The Times Law today in its daily email newsletter The Brief sums up perfectly the challenges facing branding in professional services - it is simply not understood.
The Times likens law firm branding to the heady days of cowboys and then to glitzy handbags.
To have had such a conversation 25 years ago, when marketing teams were affectionally called the 'colouring-in department' might have been forgivable. But in 2018, when law firms spend vast sums of money on very clever marketing and business development programmes is, well quite frankly, depressing.
In no other industry would such a conversation ever happen.

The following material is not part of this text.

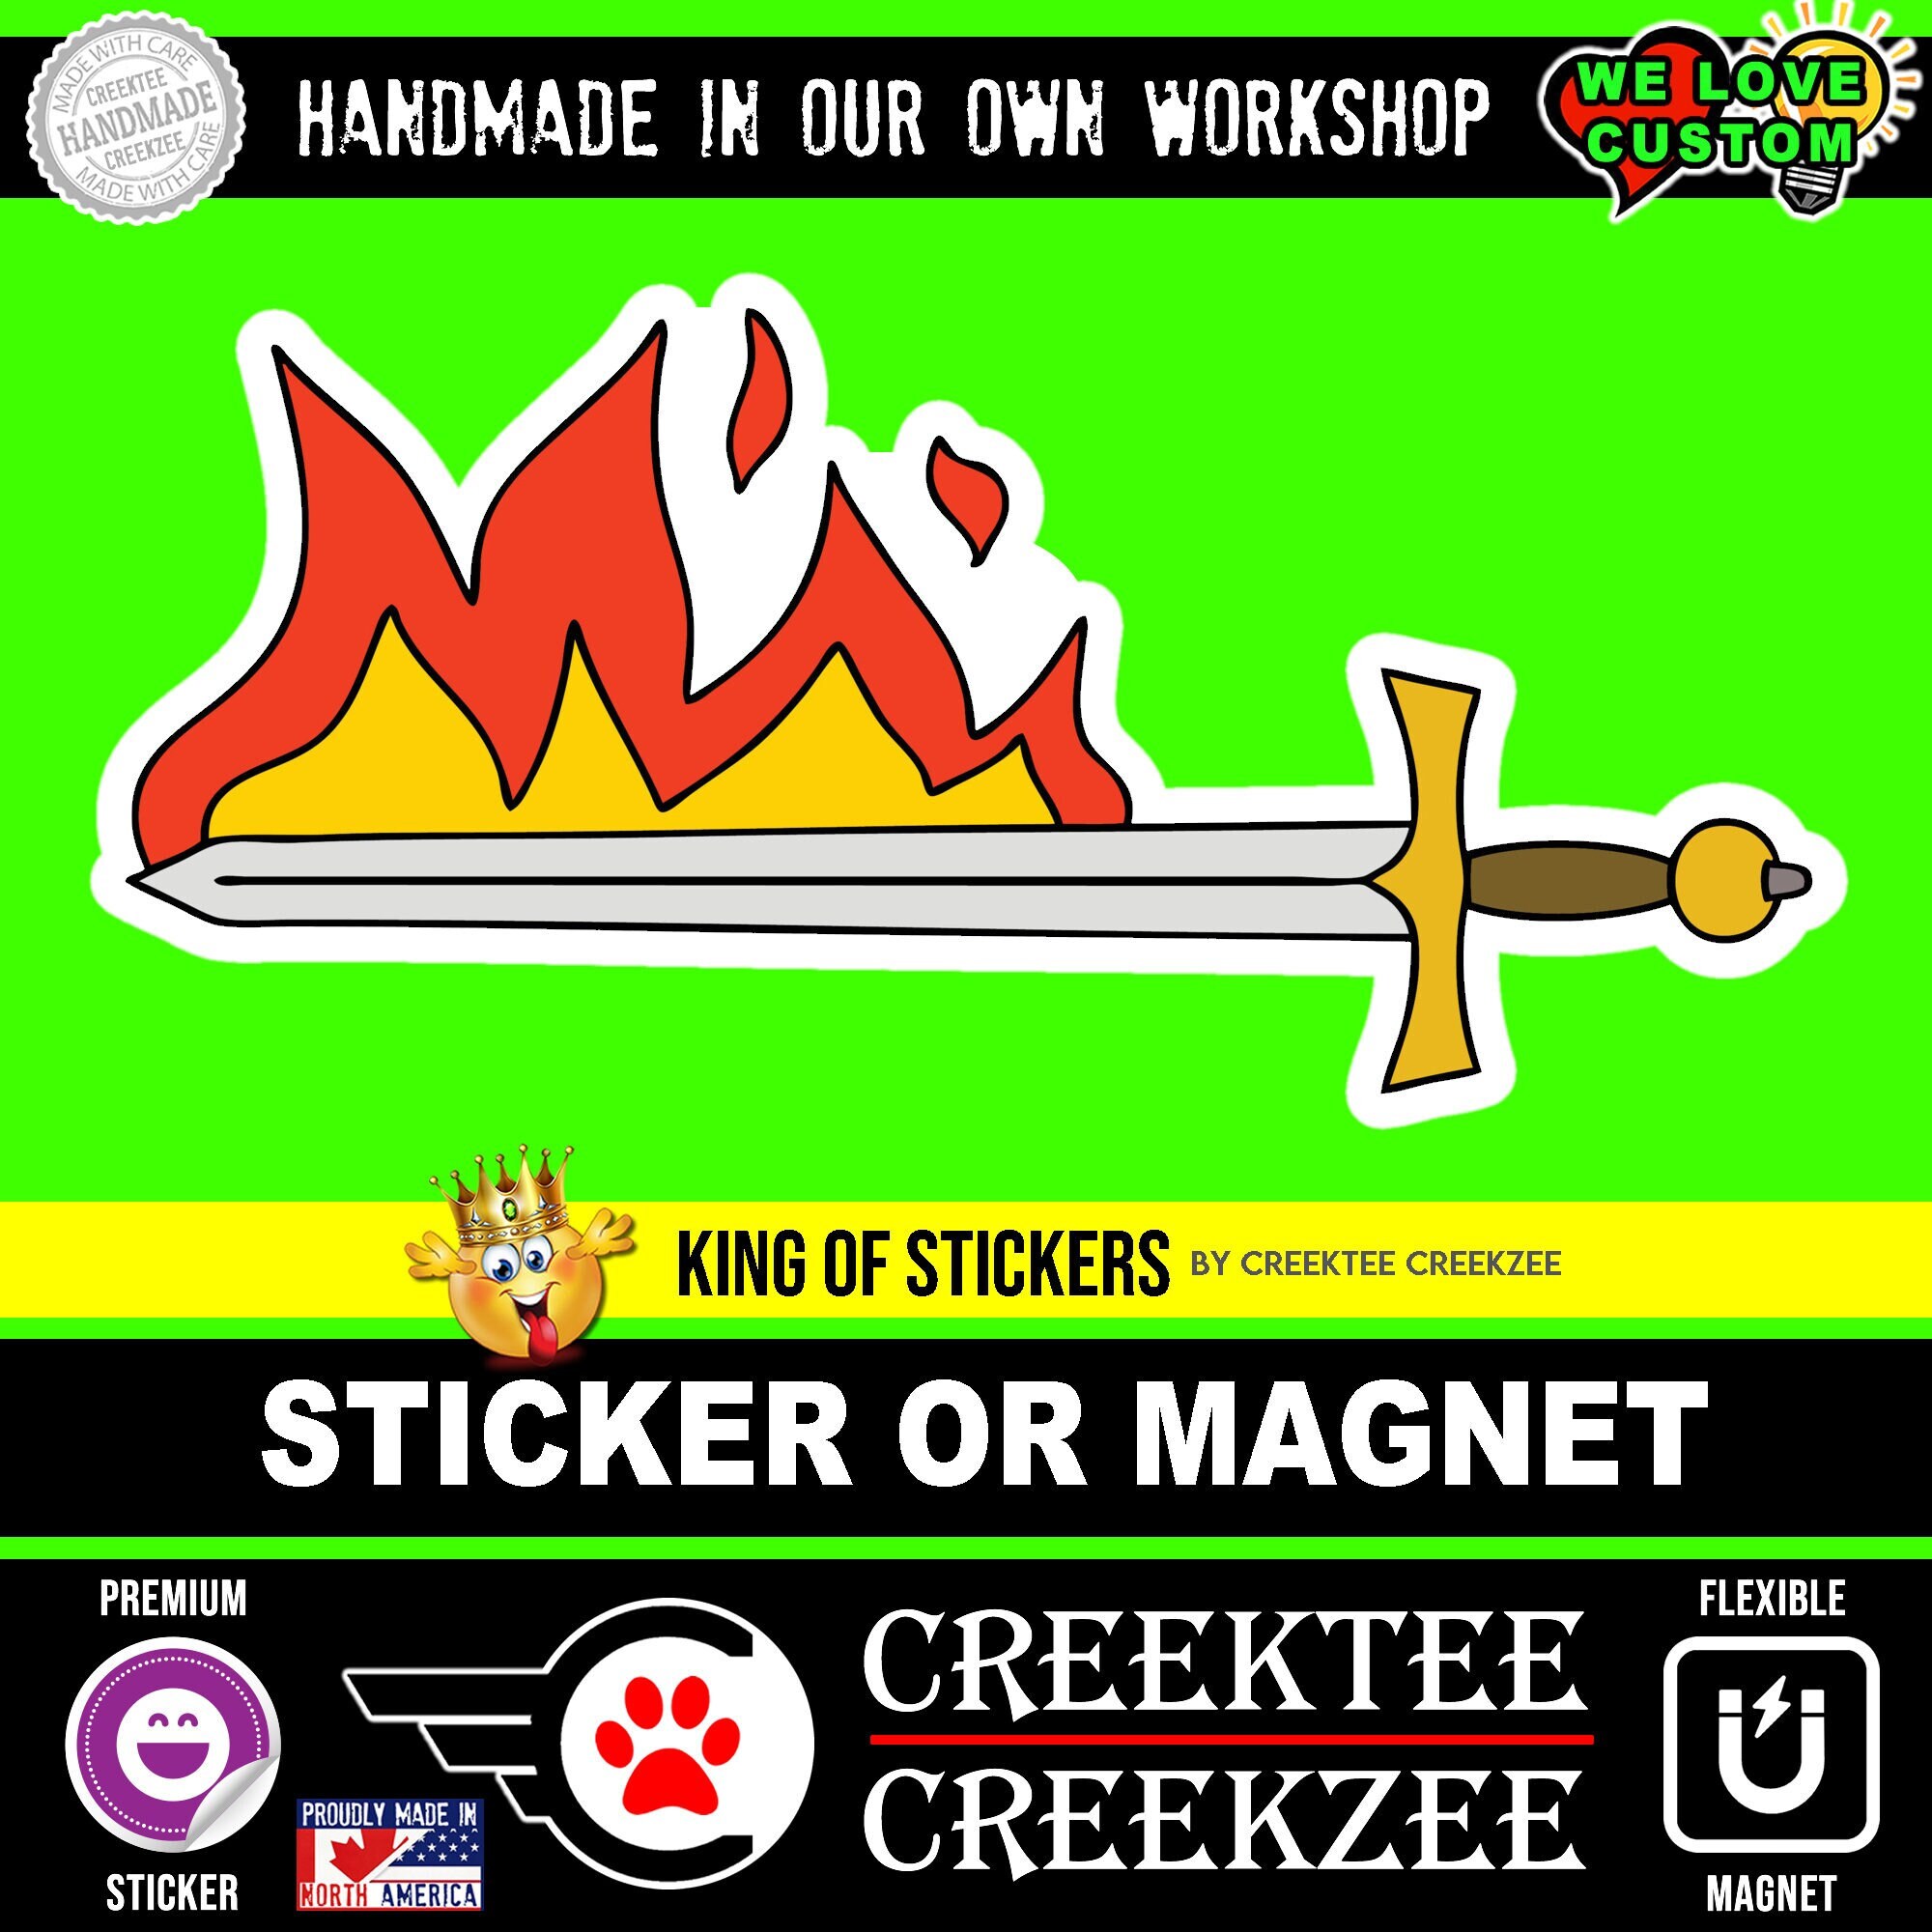 Medieval Die-Cut sticker or magnet in various widths, 3
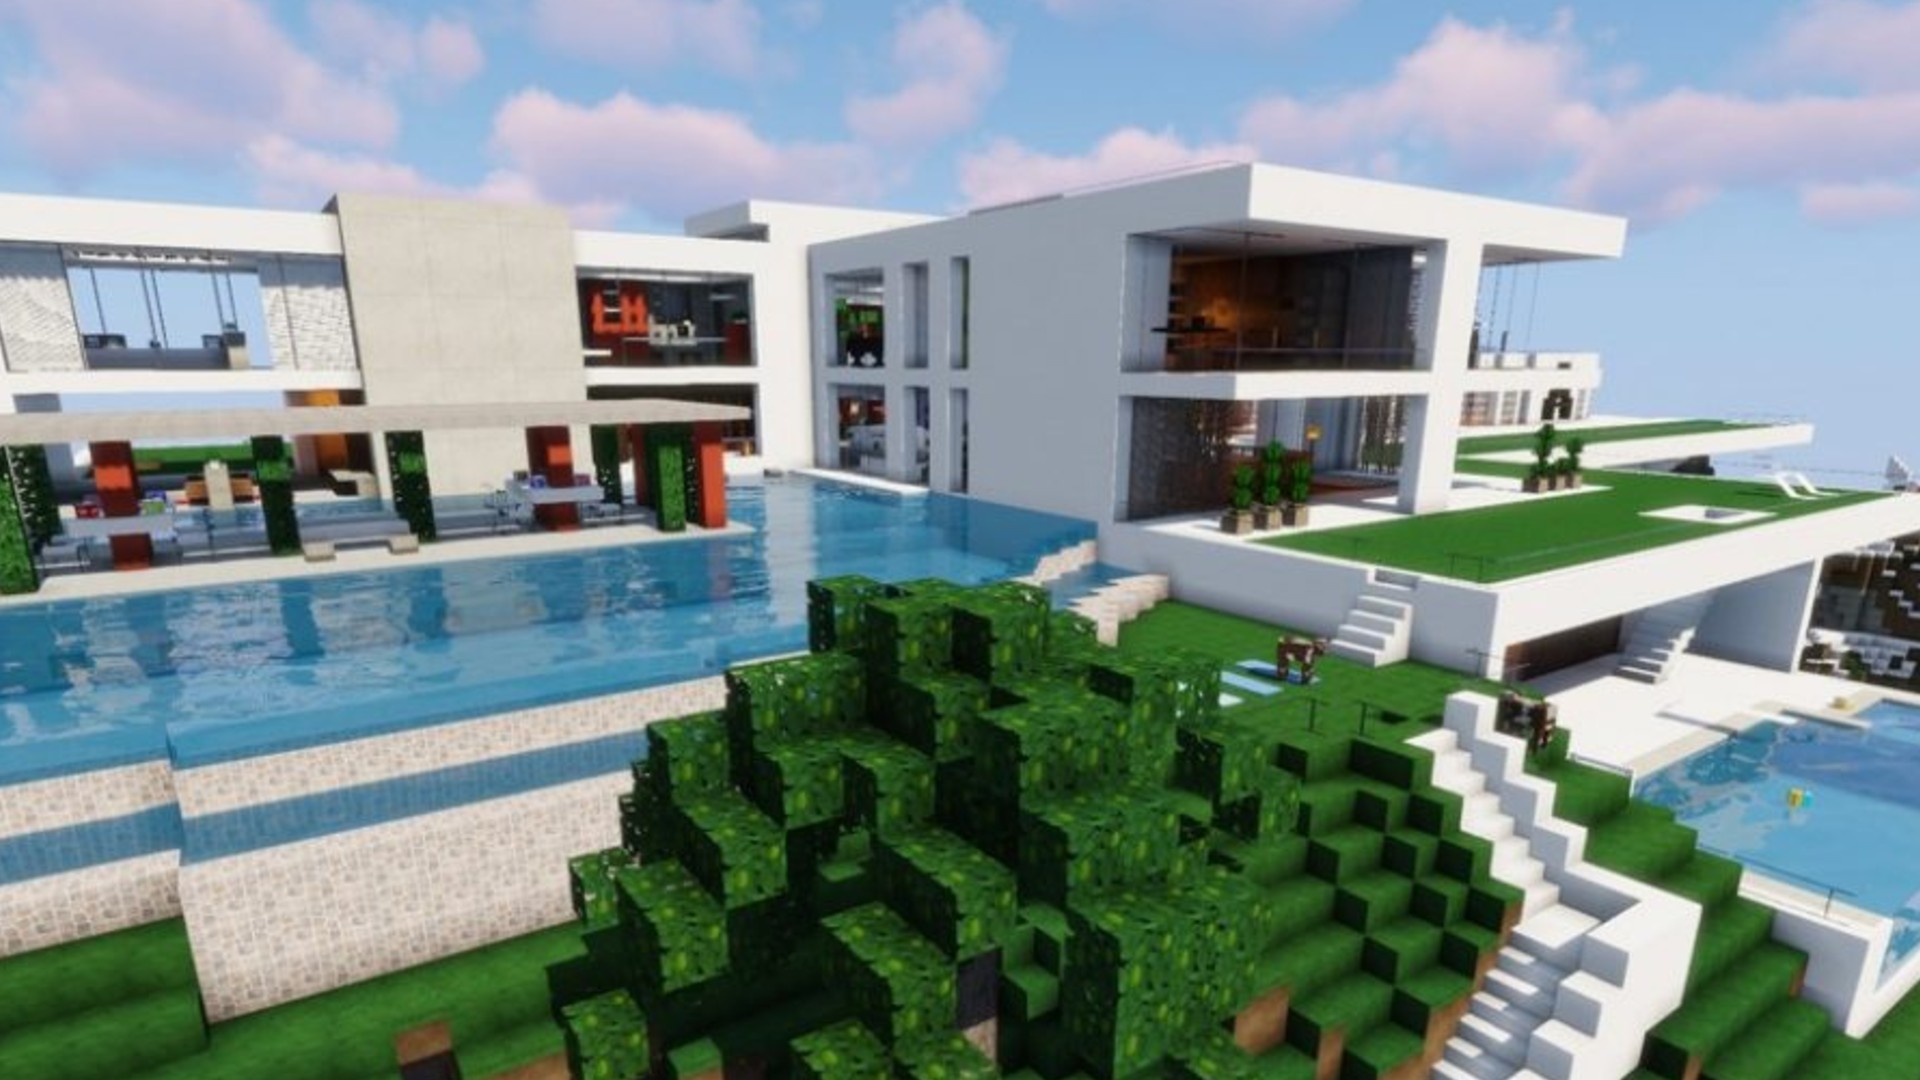 Minecraft House Designs Simple 16 Best Minecraft Interior House Designs

Thankfully, law firm partners are largely more understanding of the importance and value of a good brand.
That is because, as we all know, branding has little to do with the letter head or logo - it is the sum of what you do and what is said about you, and that influences buying behaviours.
Remember the days when the word “brand” conjured images of weather-beaten cowboys scorching the flesh of newly born calves with the squiggly initials of their ranch name? Nor do we really, but we can recall growing up in an era when the telly was replete with Hollywood westerns of a wet Saturday afternoon. The definition of the word moved on, of course, to refer to global products such as fizzy drinks and handbags. Now it is even applied to legal practices, which not so long ago were simply known by a list of the partners’ names. In the modern law firm world, branding is important. Not least to an outfit called Acritas, a transatlantic consultancy that expends a lot of energy purporting to establish which law firm brand is king.